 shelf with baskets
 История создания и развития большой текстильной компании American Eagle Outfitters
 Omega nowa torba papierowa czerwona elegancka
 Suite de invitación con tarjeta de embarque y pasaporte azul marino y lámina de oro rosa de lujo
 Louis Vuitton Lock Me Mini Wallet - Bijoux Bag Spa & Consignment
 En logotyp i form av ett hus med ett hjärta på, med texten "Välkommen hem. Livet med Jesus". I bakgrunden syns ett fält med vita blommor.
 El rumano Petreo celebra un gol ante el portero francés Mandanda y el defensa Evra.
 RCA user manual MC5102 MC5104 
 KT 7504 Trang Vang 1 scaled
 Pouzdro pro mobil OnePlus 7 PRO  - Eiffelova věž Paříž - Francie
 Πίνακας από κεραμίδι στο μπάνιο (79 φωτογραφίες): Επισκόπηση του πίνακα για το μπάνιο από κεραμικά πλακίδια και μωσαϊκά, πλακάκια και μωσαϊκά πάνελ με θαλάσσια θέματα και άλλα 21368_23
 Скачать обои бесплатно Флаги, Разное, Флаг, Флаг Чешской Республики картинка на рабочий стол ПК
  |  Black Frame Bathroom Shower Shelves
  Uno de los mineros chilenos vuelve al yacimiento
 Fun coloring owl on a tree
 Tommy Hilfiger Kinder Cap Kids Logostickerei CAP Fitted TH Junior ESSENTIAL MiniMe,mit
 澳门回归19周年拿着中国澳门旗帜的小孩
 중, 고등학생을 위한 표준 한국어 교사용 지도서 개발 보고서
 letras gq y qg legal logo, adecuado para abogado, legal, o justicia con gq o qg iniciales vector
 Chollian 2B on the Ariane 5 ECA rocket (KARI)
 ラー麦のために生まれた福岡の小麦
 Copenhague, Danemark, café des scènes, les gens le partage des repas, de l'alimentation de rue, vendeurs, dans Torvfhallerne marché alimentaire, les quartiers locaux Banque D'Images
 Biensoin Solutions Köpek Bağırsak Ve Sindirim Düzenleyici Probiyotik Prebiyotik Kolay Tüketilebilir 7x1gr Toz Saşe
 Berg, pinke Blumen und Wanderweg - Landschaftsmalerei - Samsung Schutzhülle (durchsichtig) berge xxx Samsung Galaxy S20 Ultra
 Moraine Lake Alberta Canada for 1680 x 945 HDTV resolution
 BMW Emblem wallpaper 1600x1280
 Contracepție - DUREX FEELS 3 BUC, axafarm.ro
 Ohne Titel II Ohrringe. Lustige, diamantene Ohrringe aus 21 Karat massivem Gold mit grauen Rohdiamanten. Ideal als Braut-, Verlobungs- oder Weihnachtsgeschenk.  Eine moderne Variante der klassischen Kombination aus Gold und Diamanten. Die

__Problem__:
Quote the data above from the line containing "Uno de los mineros" to the line containing "letras gq y", inclusive, and stop.

__The answer__:
  Uno de los mineros chilenos vuelve al yacimiento
 Fun coloring owl on a tree
 Tommy Hilfiger Kinder Cap Kids Logostickerei CAP Fitted TH Junior ESSENTIAL MiniMe,mit
 澳门回归19周年拿着中国澳门旗帜的小孩
 중, 고등학생을 위한 표준 한국어 교사용 지도서 개발 보고서
 letras gq y qg legal logo, adecuado para abogado, legal, o justicia con gq o qg iniciales vector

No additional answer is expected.